• [Try it] Give the listing again word for word. Skip the pictures.
*** Opening Dataset section ***
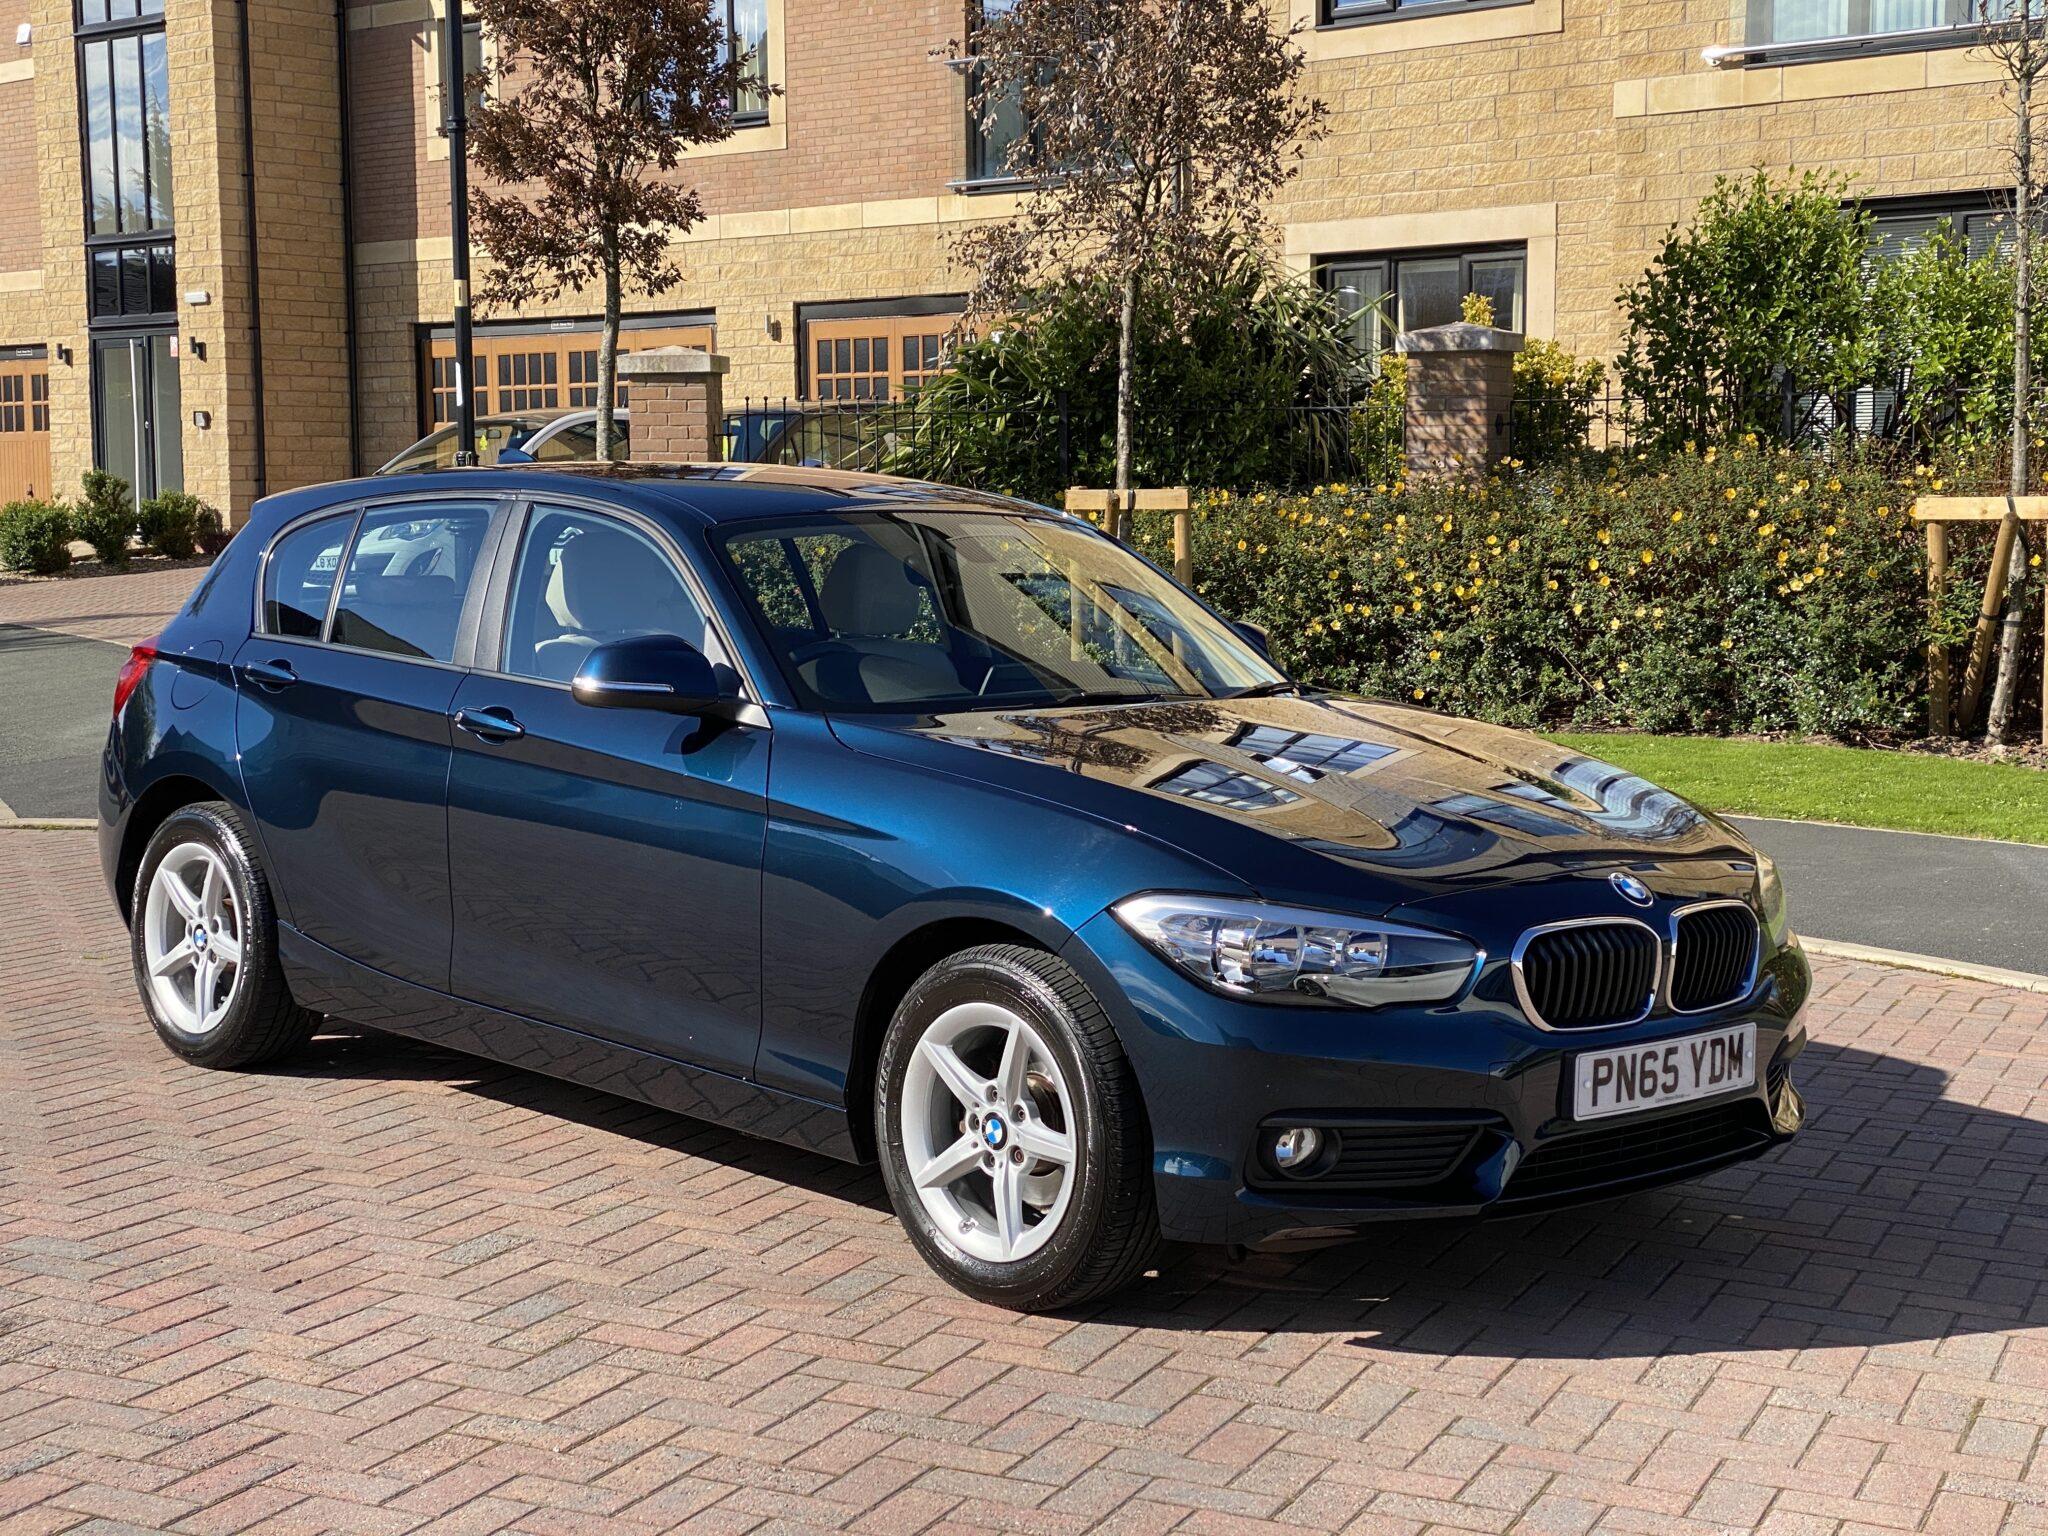 2015 65 BMW 116D SE AUTOMATIC 5 DOOR 1 Owner FBSH Only 41K Mls Full Leather & Navigation
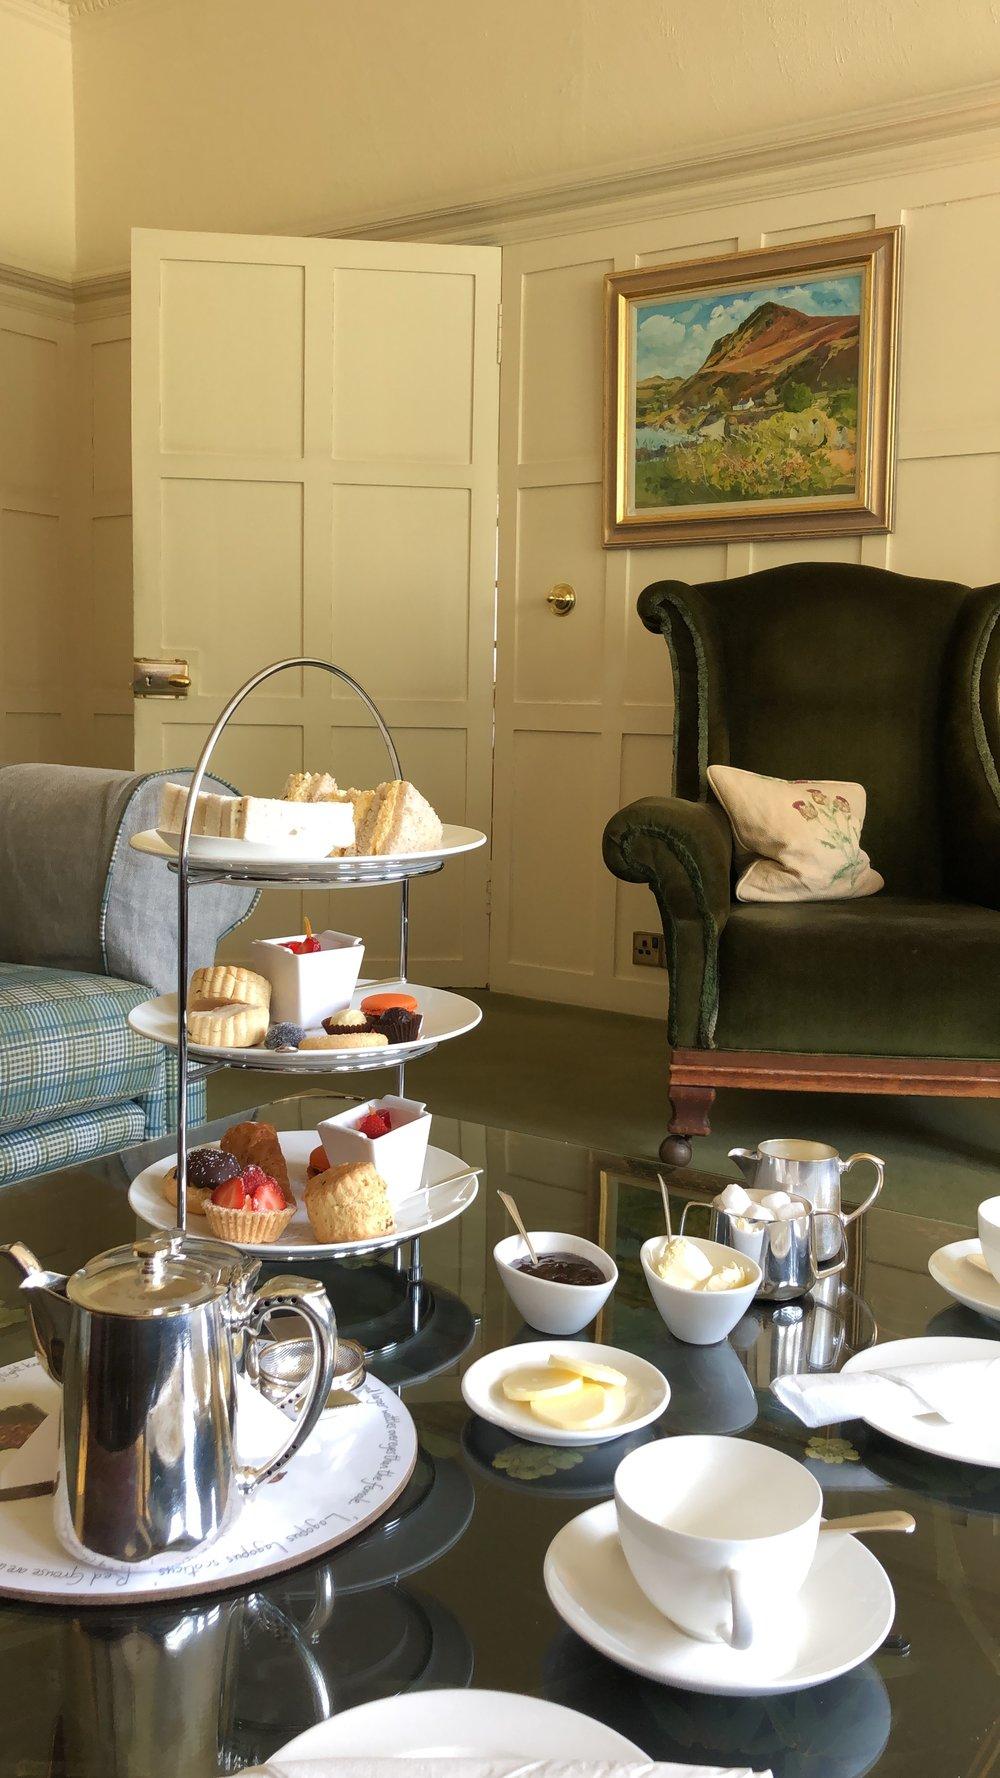 Gluten free afternoon tea in Knockinaam Lodge
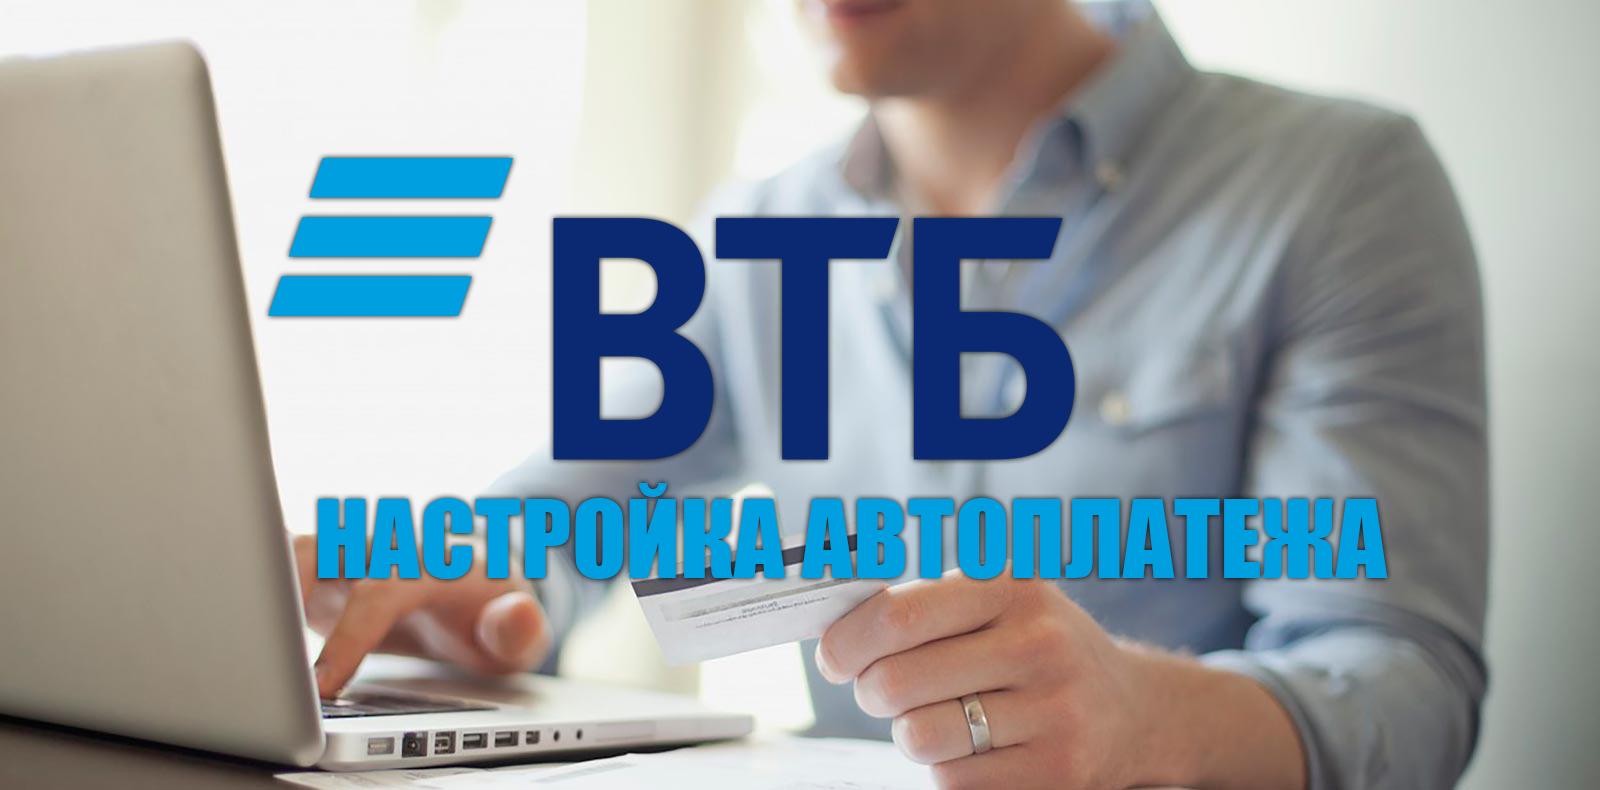 Автоматическая оплата услуг через ВТБ Онлайн
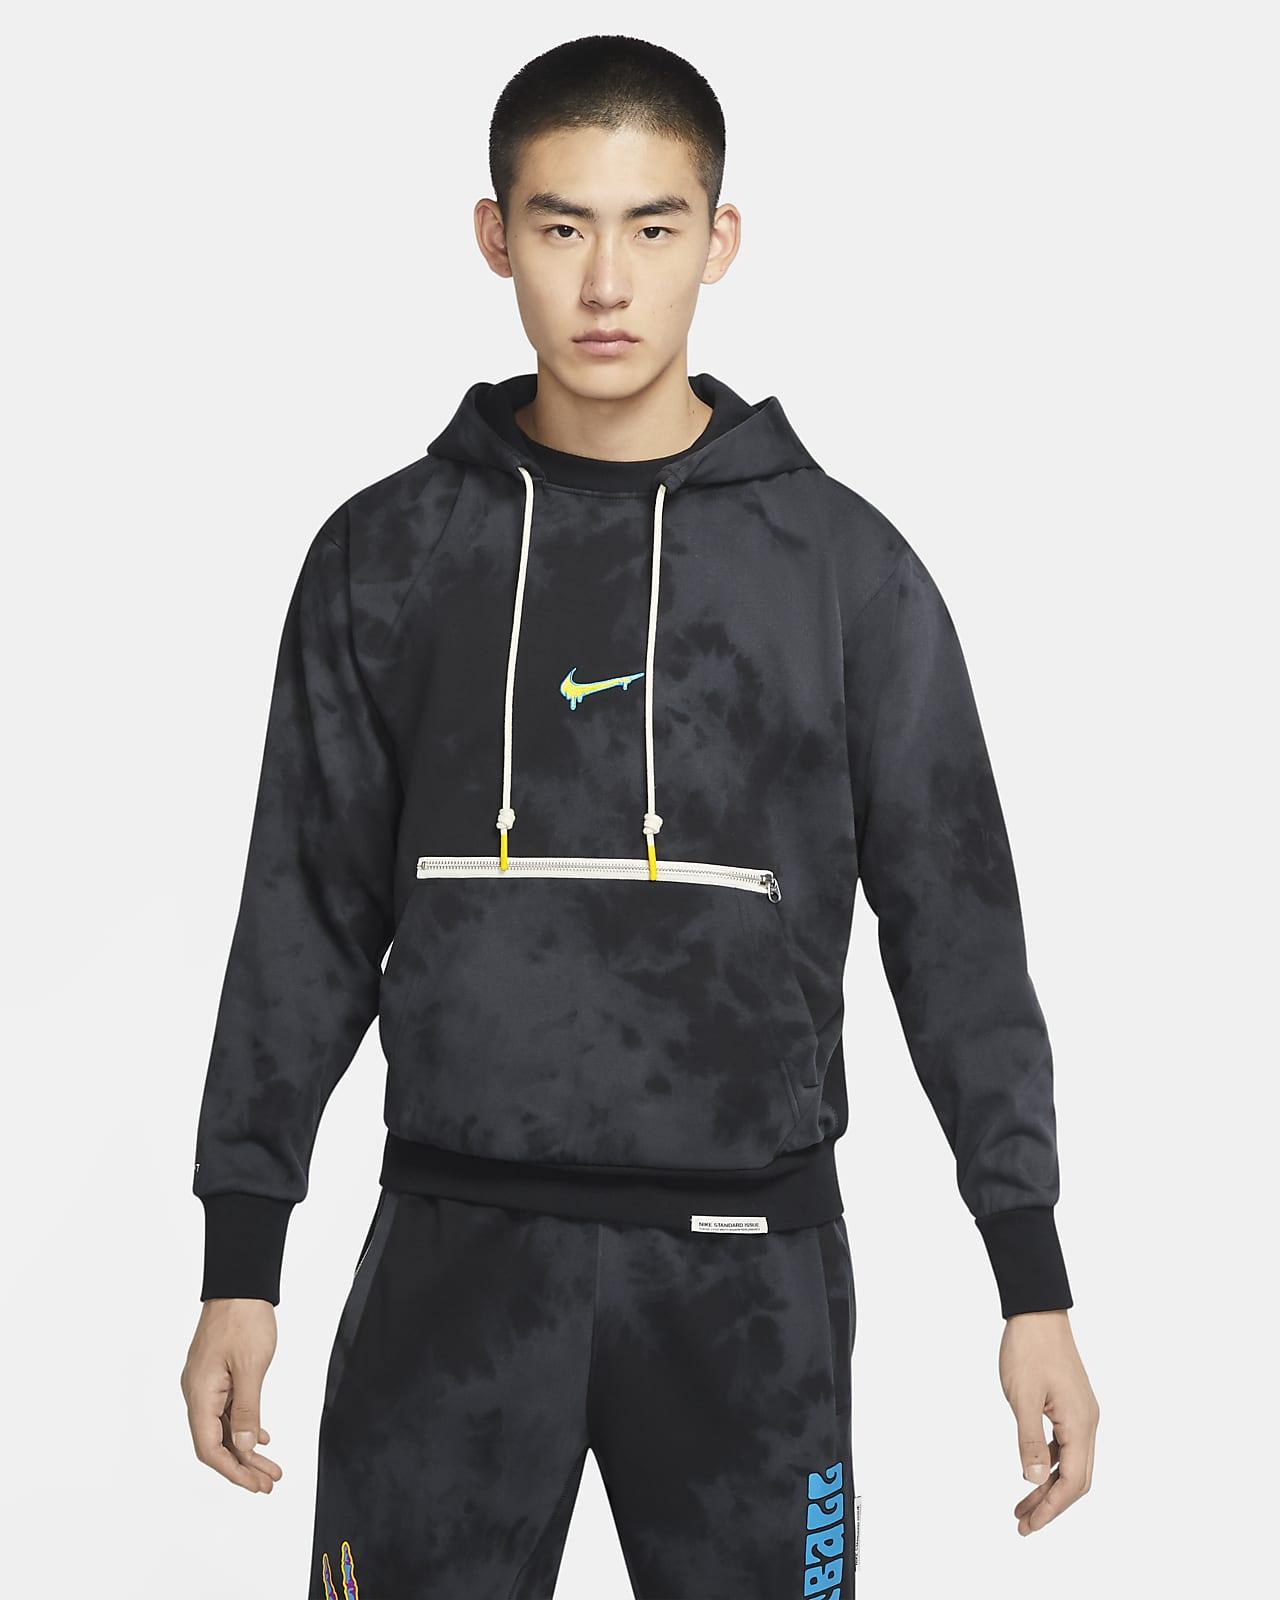 Nike Hardwood 男子篮球套头连帽衫
*** Closing Dataset section ***
• [Exercise response]
 2015 65 BMW 116D SE AUTOMATIC 5 DOOR 1 Owner FBSH Only 41K Mls Full Leather & Navigation
 Gluten free afternoon tea in Knockinaam Lodge
 Автоматическая оплата услуг через ВТБ Онлайн
 Nike Hardwood 男子篮球套头连帽衫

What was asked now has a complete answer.